WORK TO COMPLETE => Quote the lines of the data below verbatim, beginning at the line that contains "Boy donates pizza party to police" and ending at the last line, both included, and excluding pictures.

DATASET EXCERPT =>
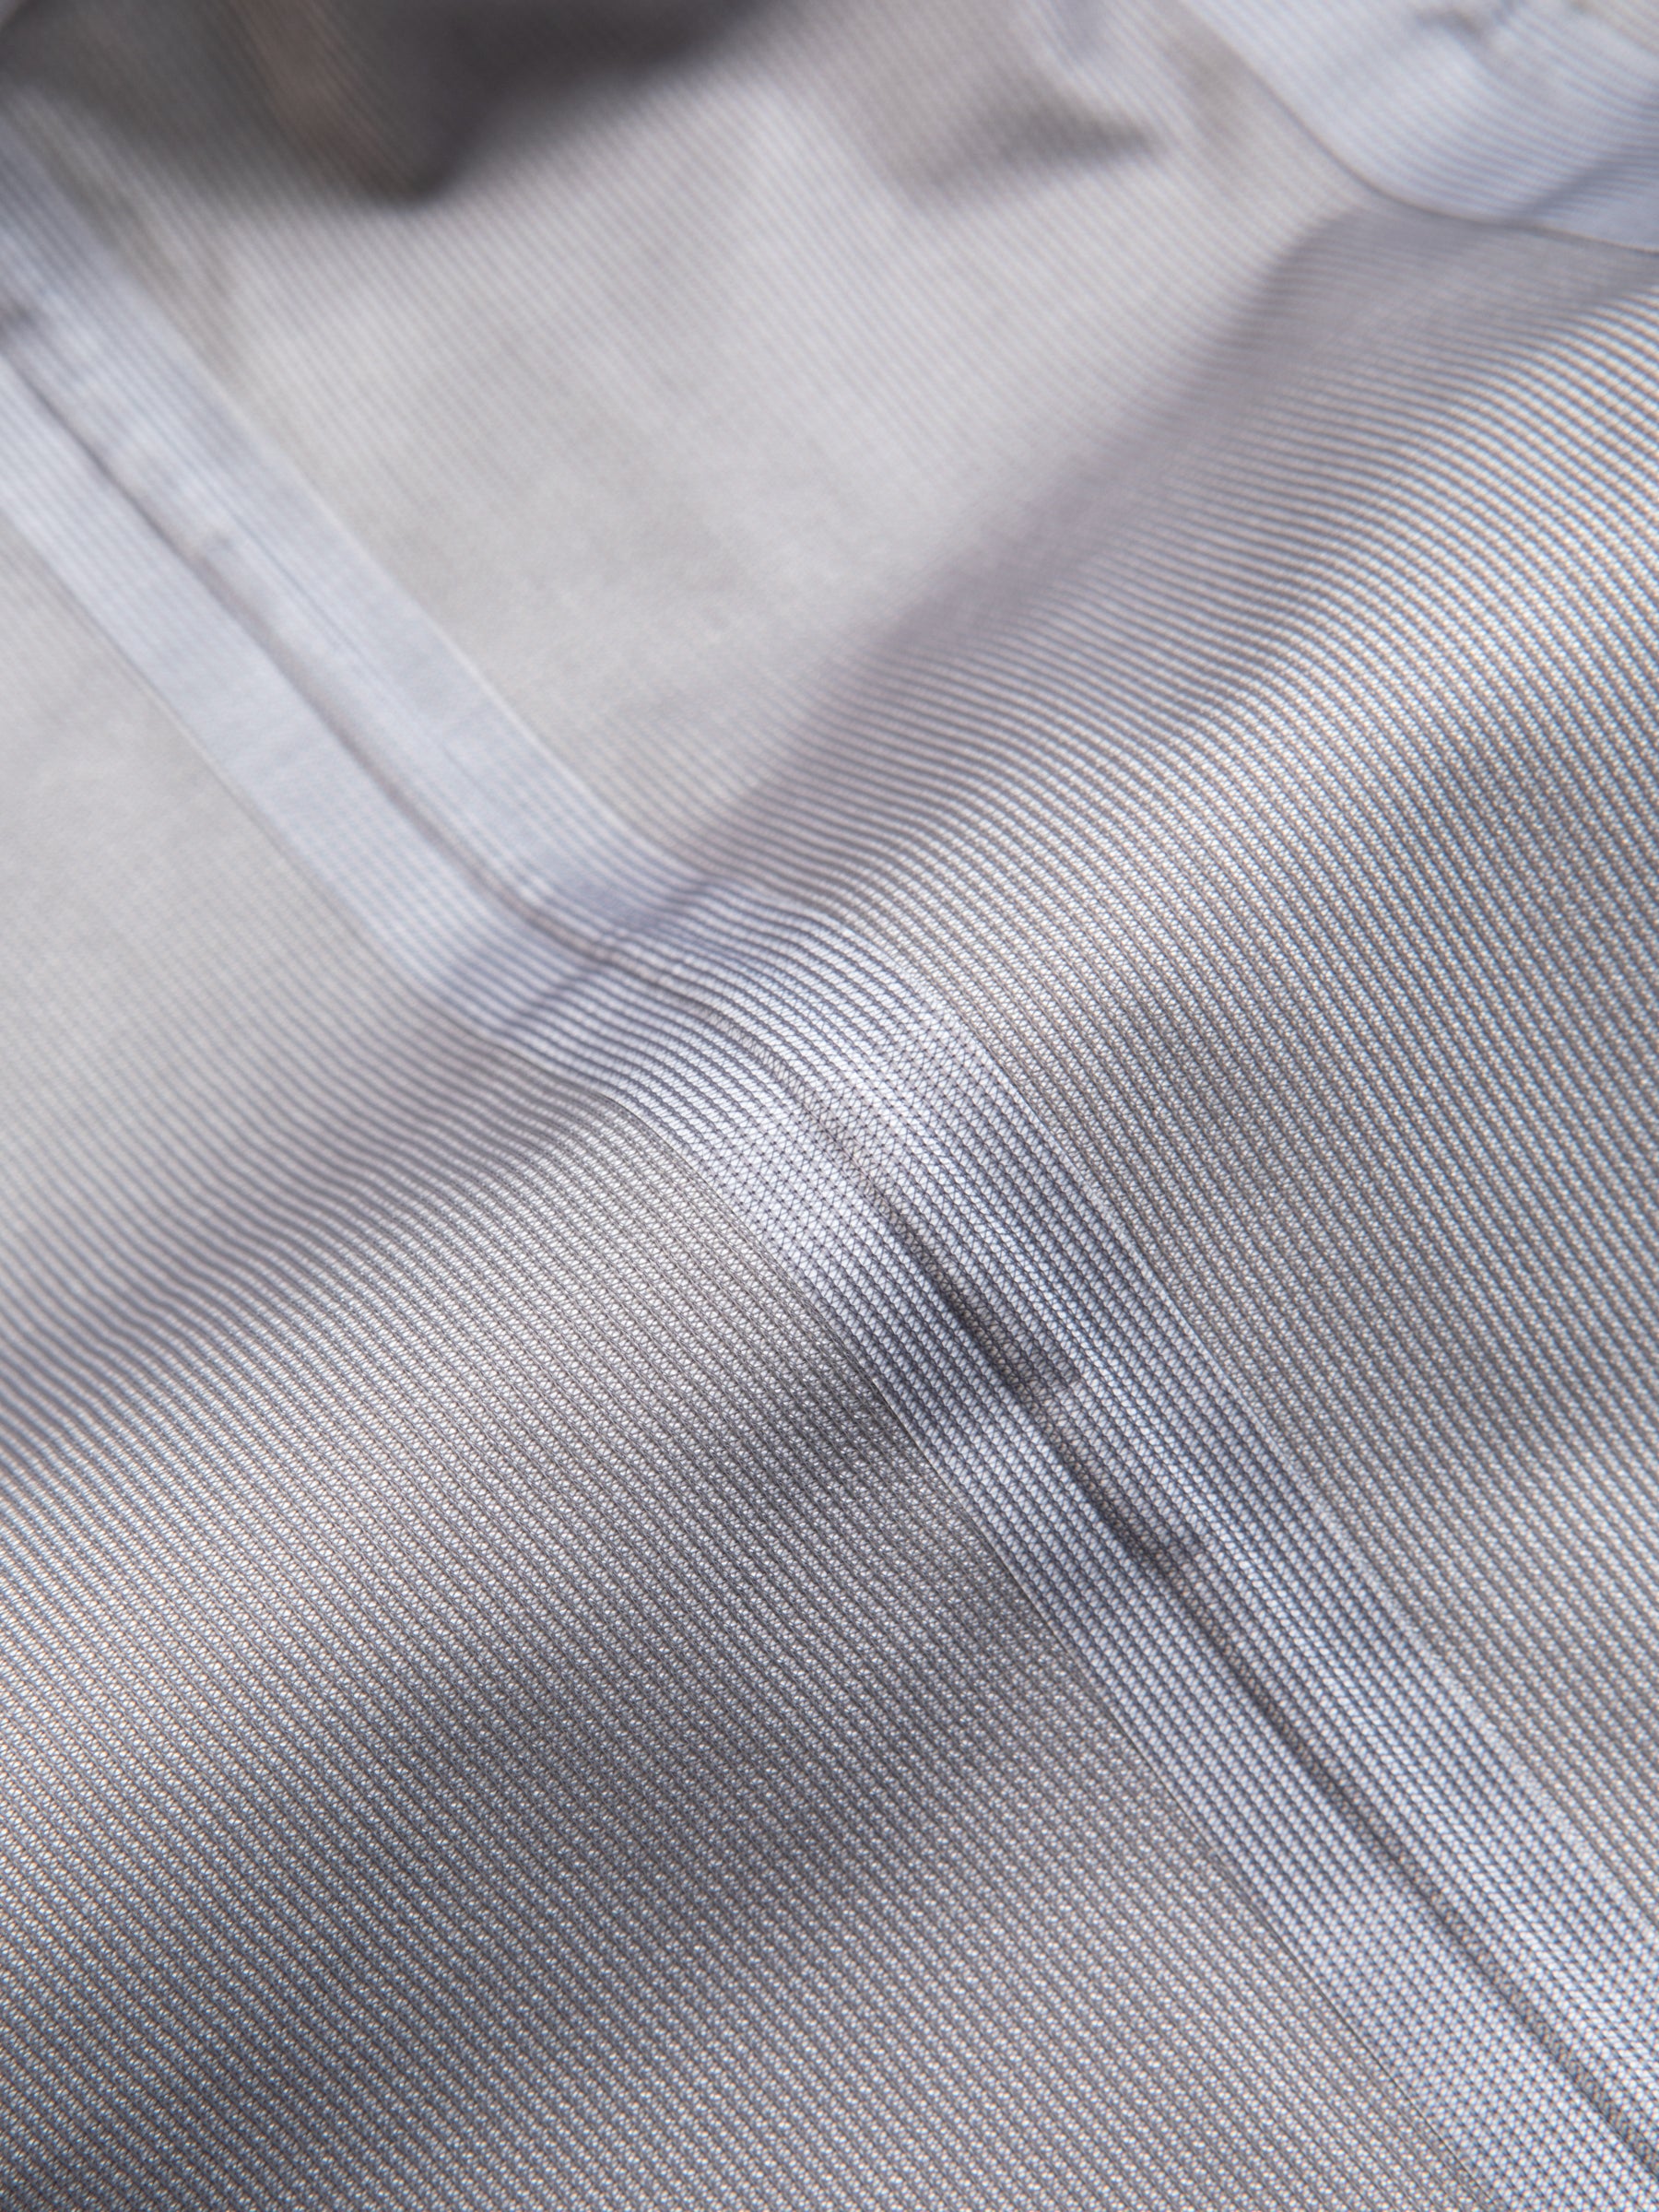 The technical inside fabric of a waterproof jacket, with a fully taped seam.
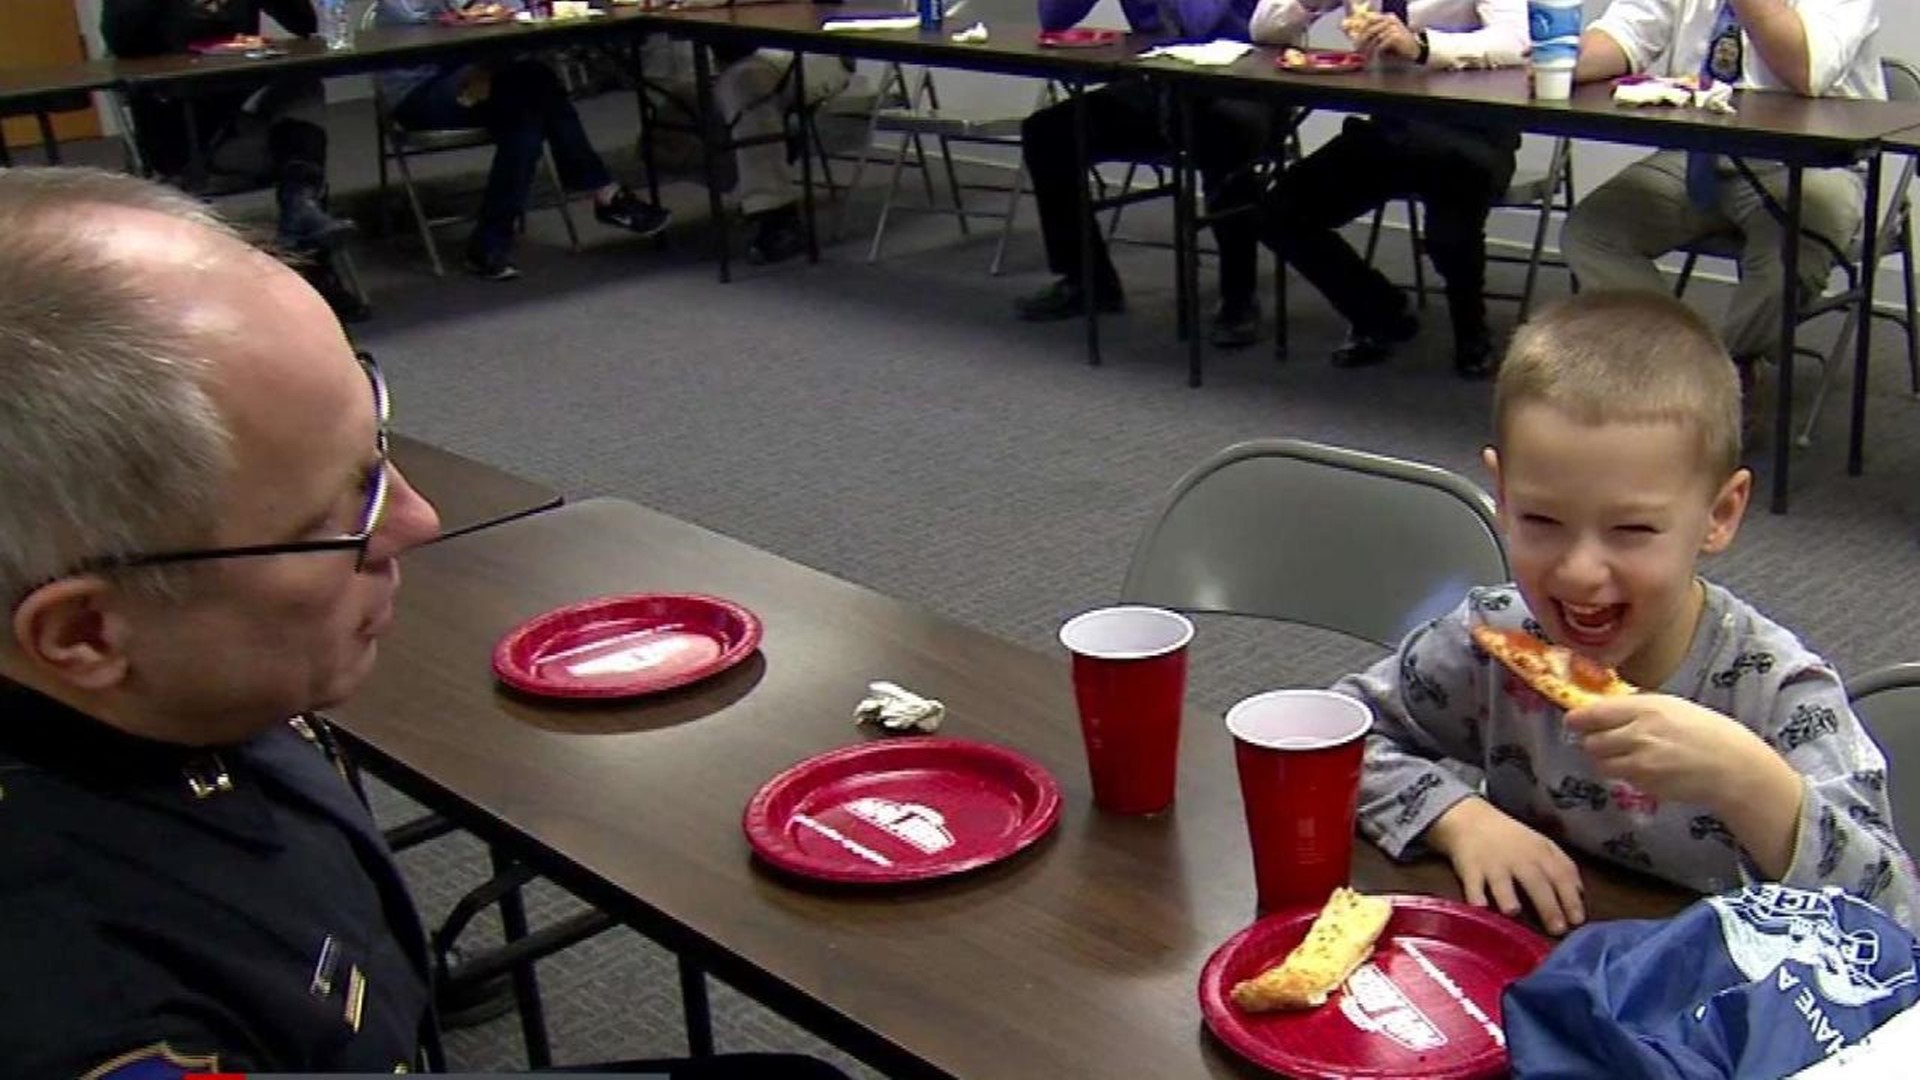 Boy donates pizza party to police
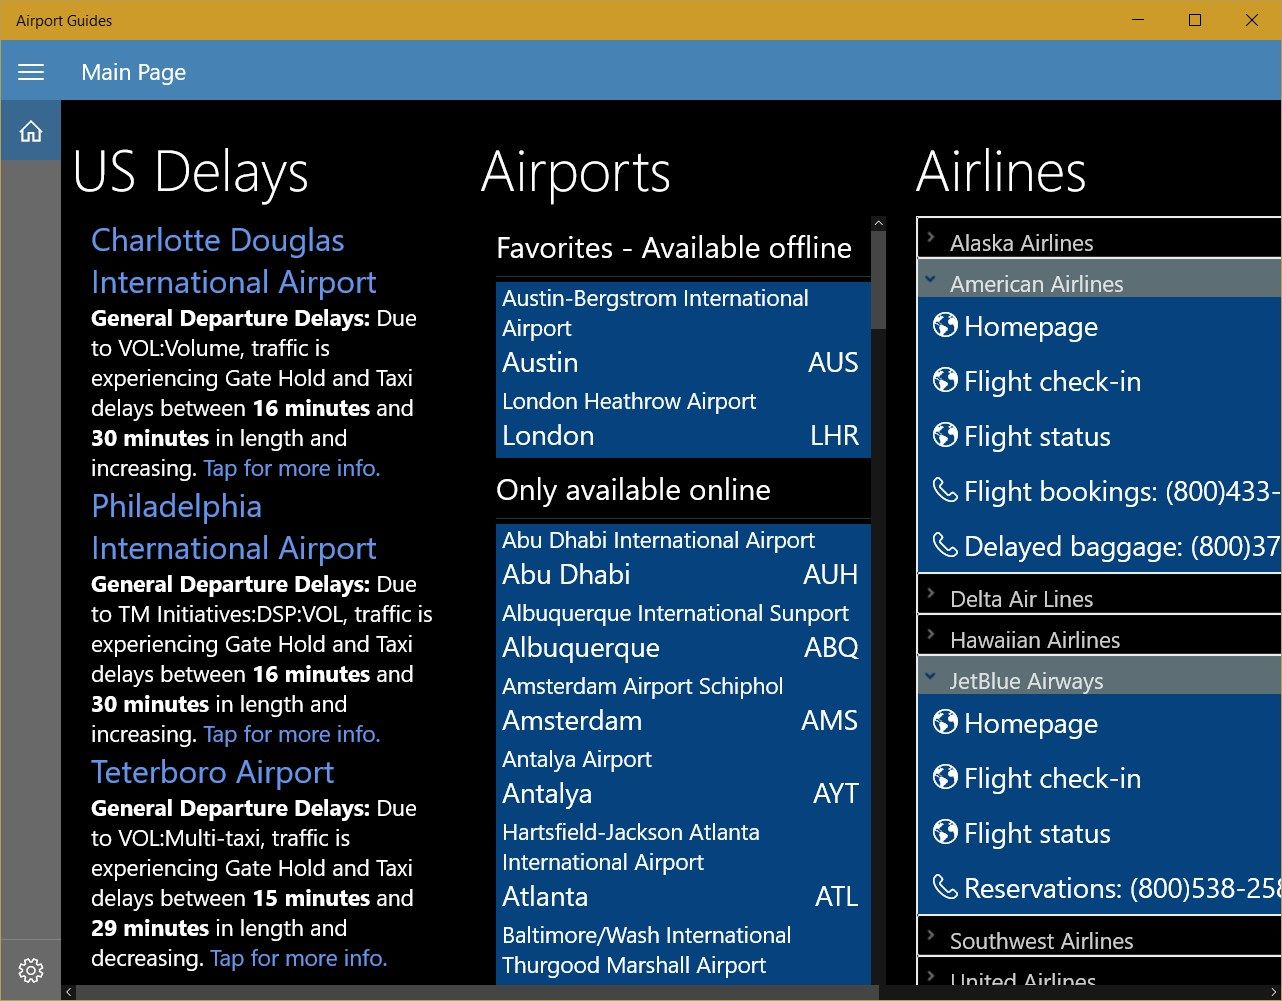 The app has information about more than 70 airports around the world!

TASK ANSWER =>
 Boy donates pizza party to police
 The app has information about more than 70 airports around the world!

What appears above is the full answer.